Mechanisms underlying the vasorelaxing effects of butylidenephthalide, an active constituent of Ligusticum chuanxiong, in rat isolated aorta

Sunny Sun Kin Chan, Angela On Ki Choi, Robert Leslie Jones, Ge Lin

Research output: Contribution to journalArticlepeer-review

68 Scopus citations

Abstract

Butylidenephthalide (BDPH) is one of the most potent vasorelaxants isolated from Ligusticum chuanxiong Hort. The objective of the current study is to investigate the underlying vasorelaxation mechanisms in rat aorta.

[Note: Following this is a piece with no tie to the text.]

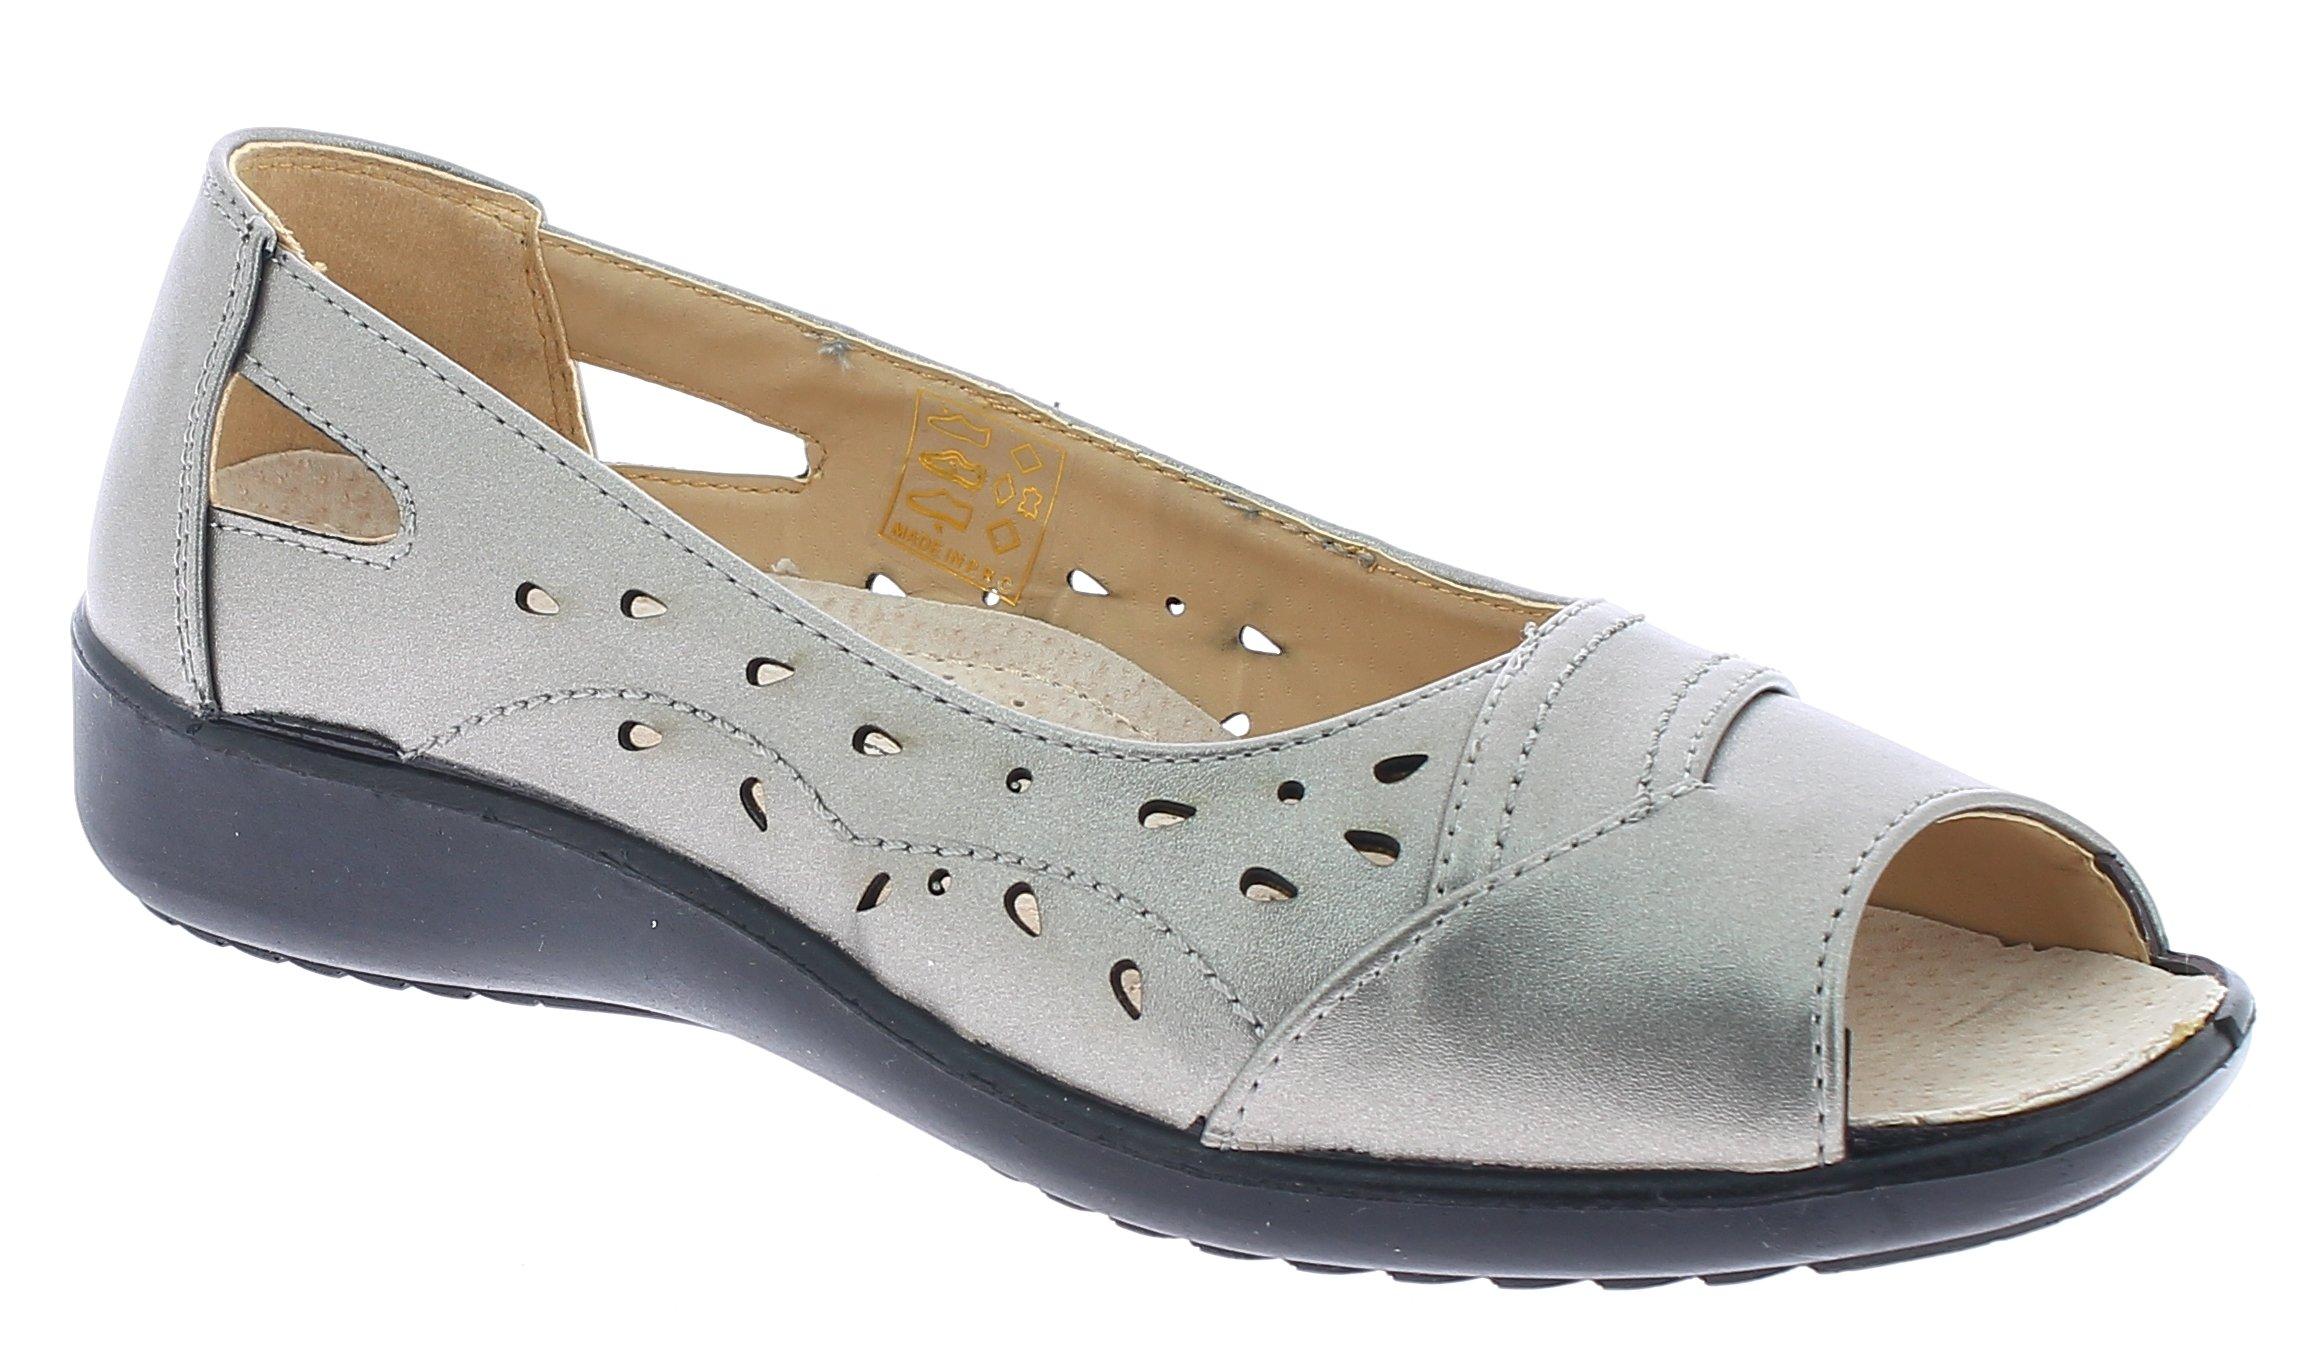 ANTRIN Γυναικείο Comfort MEGAN-105 Ασημί - IqShoes - MEGAN-105 PEWTER-silver-36/ παπούτσια  πέδιλα

In 9,11-dideoxy-9α,11α-methanoepoxyprostaglandin F (U46619) precontracted preparations, endothelium removal, the nitric oxide (NO) synthase inhibitor Nω-nitro-l-arginine methyl ester (l-NAME) and the soluble guanylate cyclase inhibitor 1H-[1,2,4]oxadiazolo[4,3-a]quinoxalin-1-one (ODQ) partially inhibited the BDPH relaxation response to a similar extent. The cyclooxygenase inhibitor indomethacin, β-adrenoceptor antagonist propranolol, adenylate cyclase inhibitors 9-(tetrahydro-2-furanyl)-9H-purin-6-amine (SQ 22536) and 2′,5′-dideoxyadenosine, and K+ channel blocker tetraethylammonium had no effect. BDPH produced full relaxation against contractions induced by KCl and U46619 in the presence of the l-type voltage-operated Ca2+ channel (Cav 1.2) blocker nifedipine. In a receptor-operated Ca2+ channel protocol where contraction was mediated by Ca2+ re-addition in the presence of U46619 and nifedipine, BDPH produced relaxation. In the absence of extracellular Ca2+, BDPH inhibited contractions induced by phorbol-12,13-dibutyrate and U46619. Our results suggest that BDPH-mediated vasorelaxation comprises both endothelium-dependent (NO) and independent components. It is suggested that BDPH acting through an inhibitory mechanism downstream to l-type voltage-operated and prostanoid TP receptor-operated Ca2+ channels operating late in the contractile pathway.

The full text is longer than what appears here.